◆ Provided data
- Opening Delimiter -
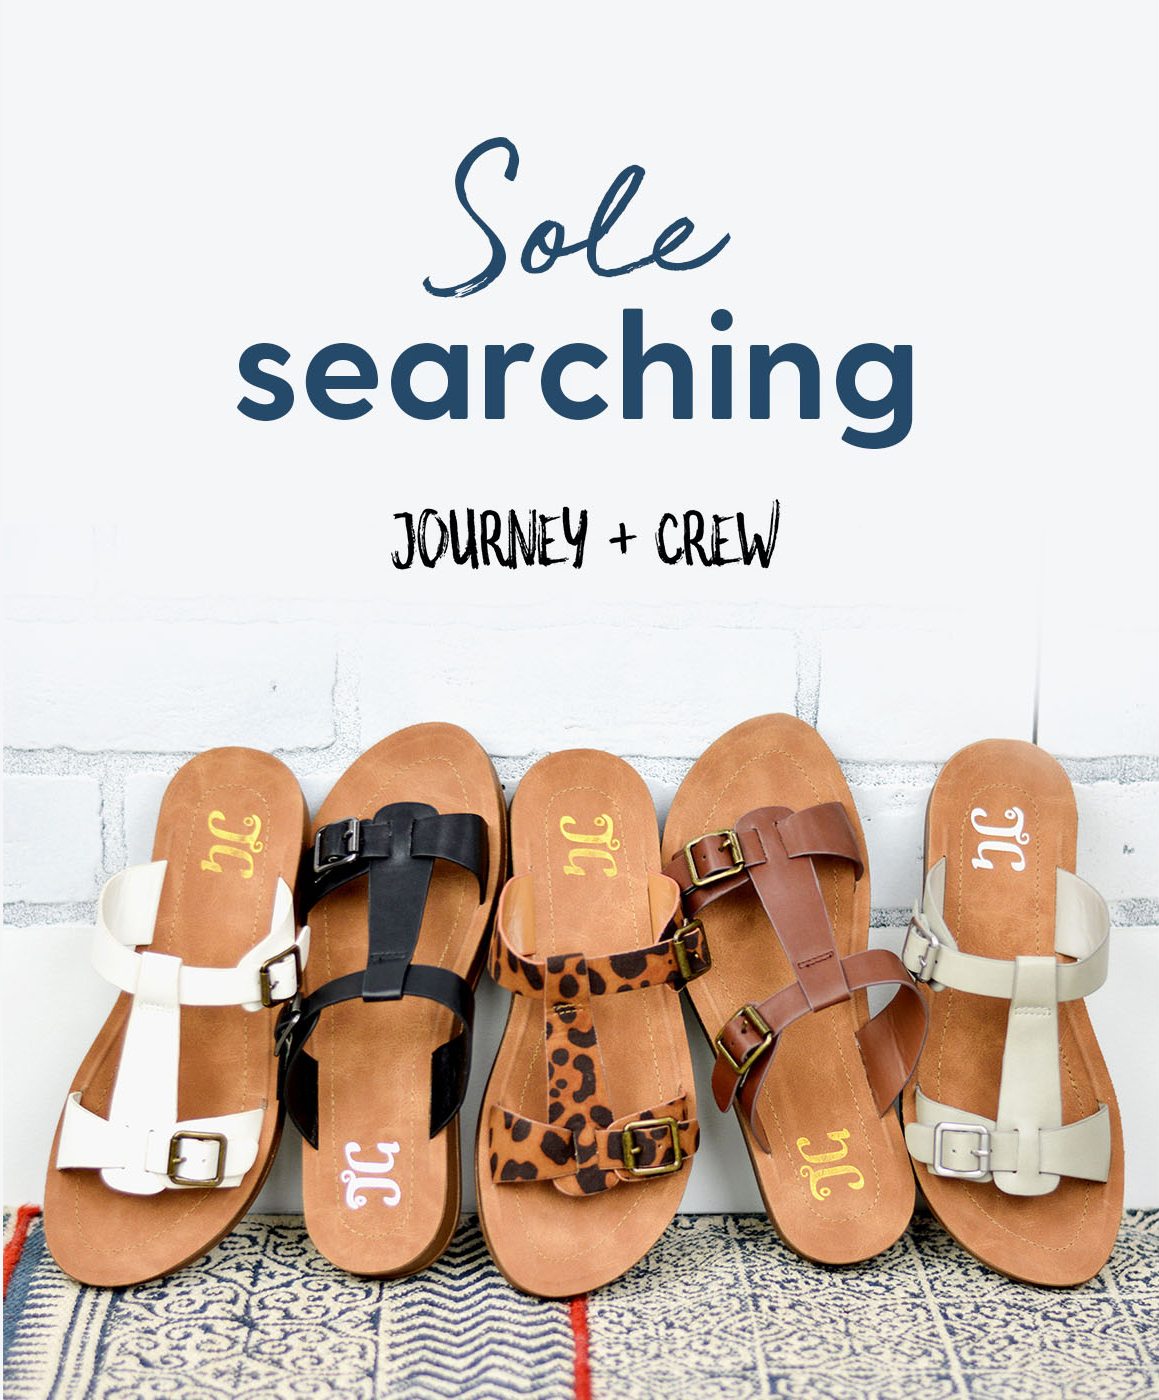 Sole searching with Journey + Crew
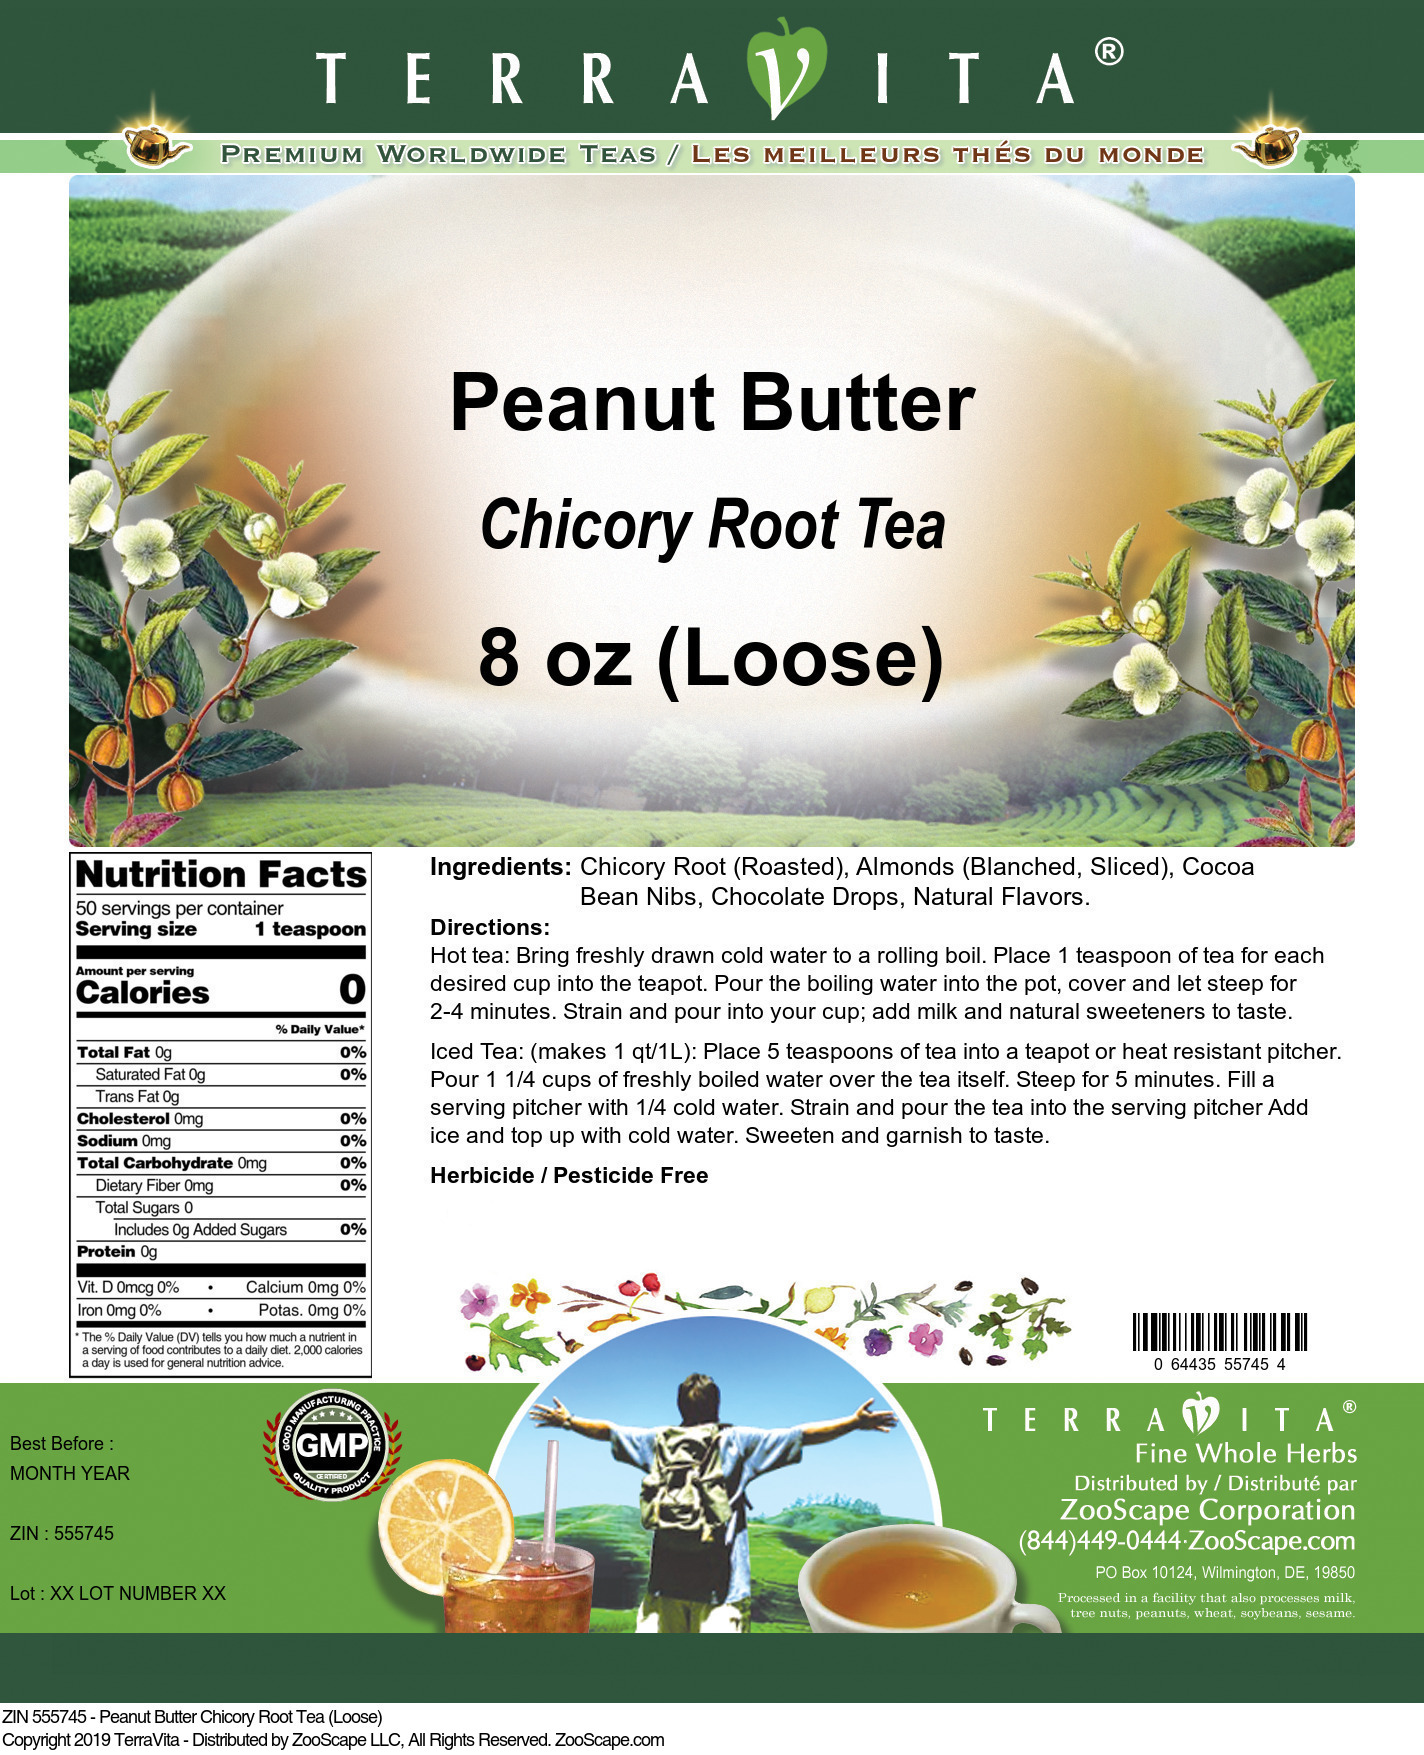 Peanut Butter Chicory Root Tea (Loose) - Label
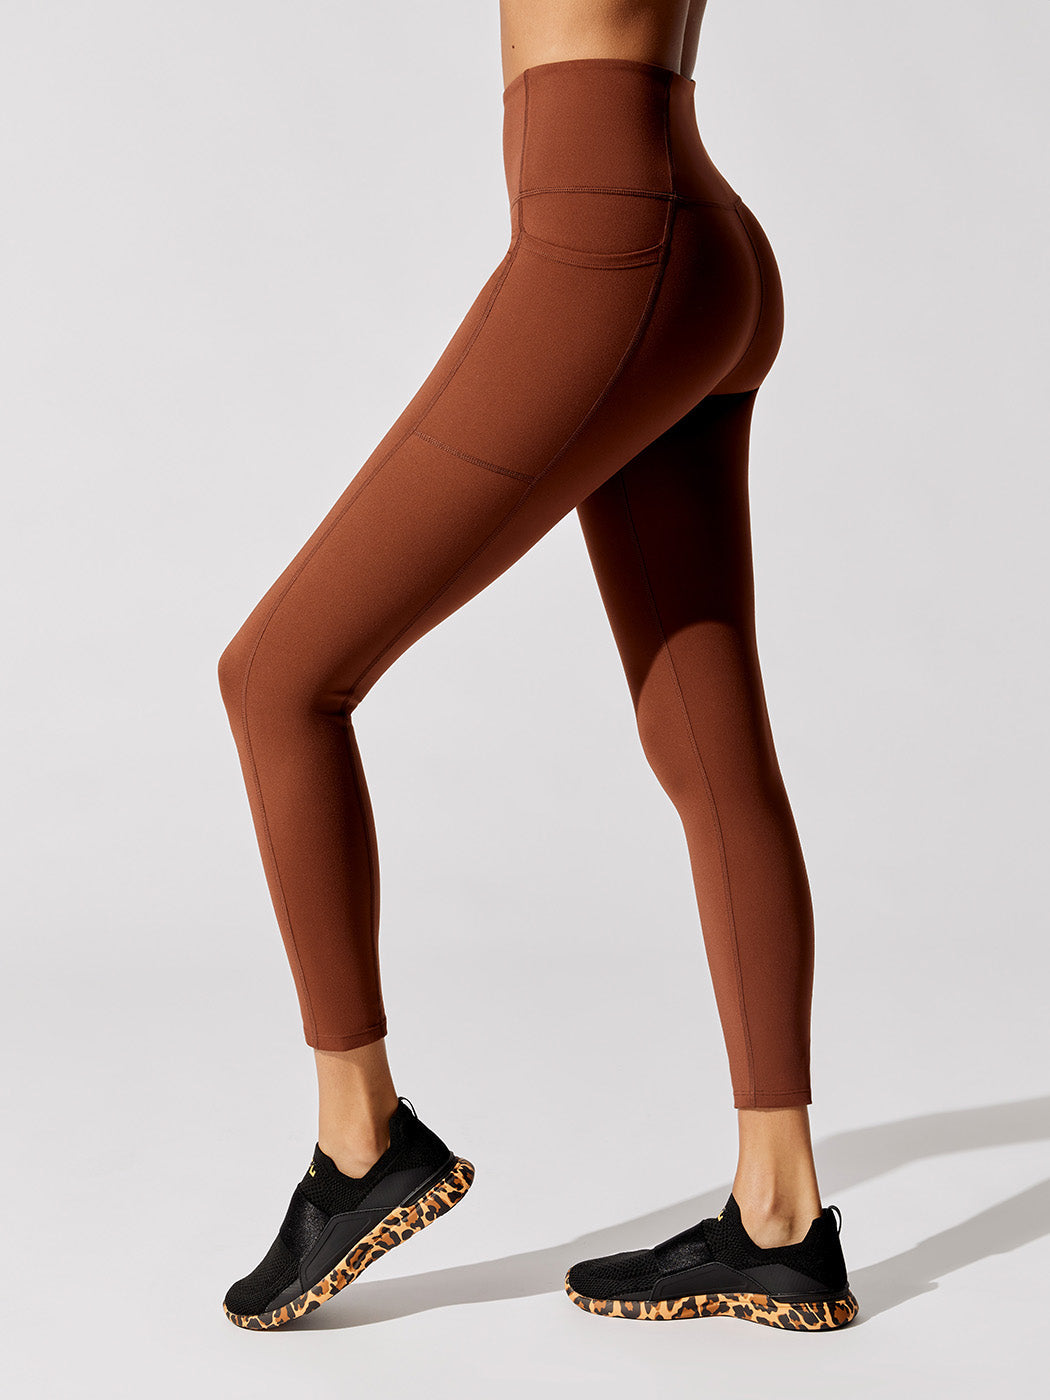 https://internationaldesignforum.com/wp-content/uploads/2022/04/CARB-CRB20166-BRWDBW-high-rise-7-8-legging-with-pockets-in-cloud-compression-Color-CAPPUCCINO.jpg
- Closing Delimiter -
◆ About this task
Give back the material above exactly as it appears, minus the pictures.

◆ Final answer
 Sole searching with Journey + Crew
 Peanut Butter Chicory Root Tea (Loose) - Label
 https://internationaldesignforum.com/wp-content/uploads/2022/04/CARB-CRB20166-BRWDBW-high-rise-7-8-legging-with-pockets-in-cloud-compression-Color-CAPPUCCINO.jpg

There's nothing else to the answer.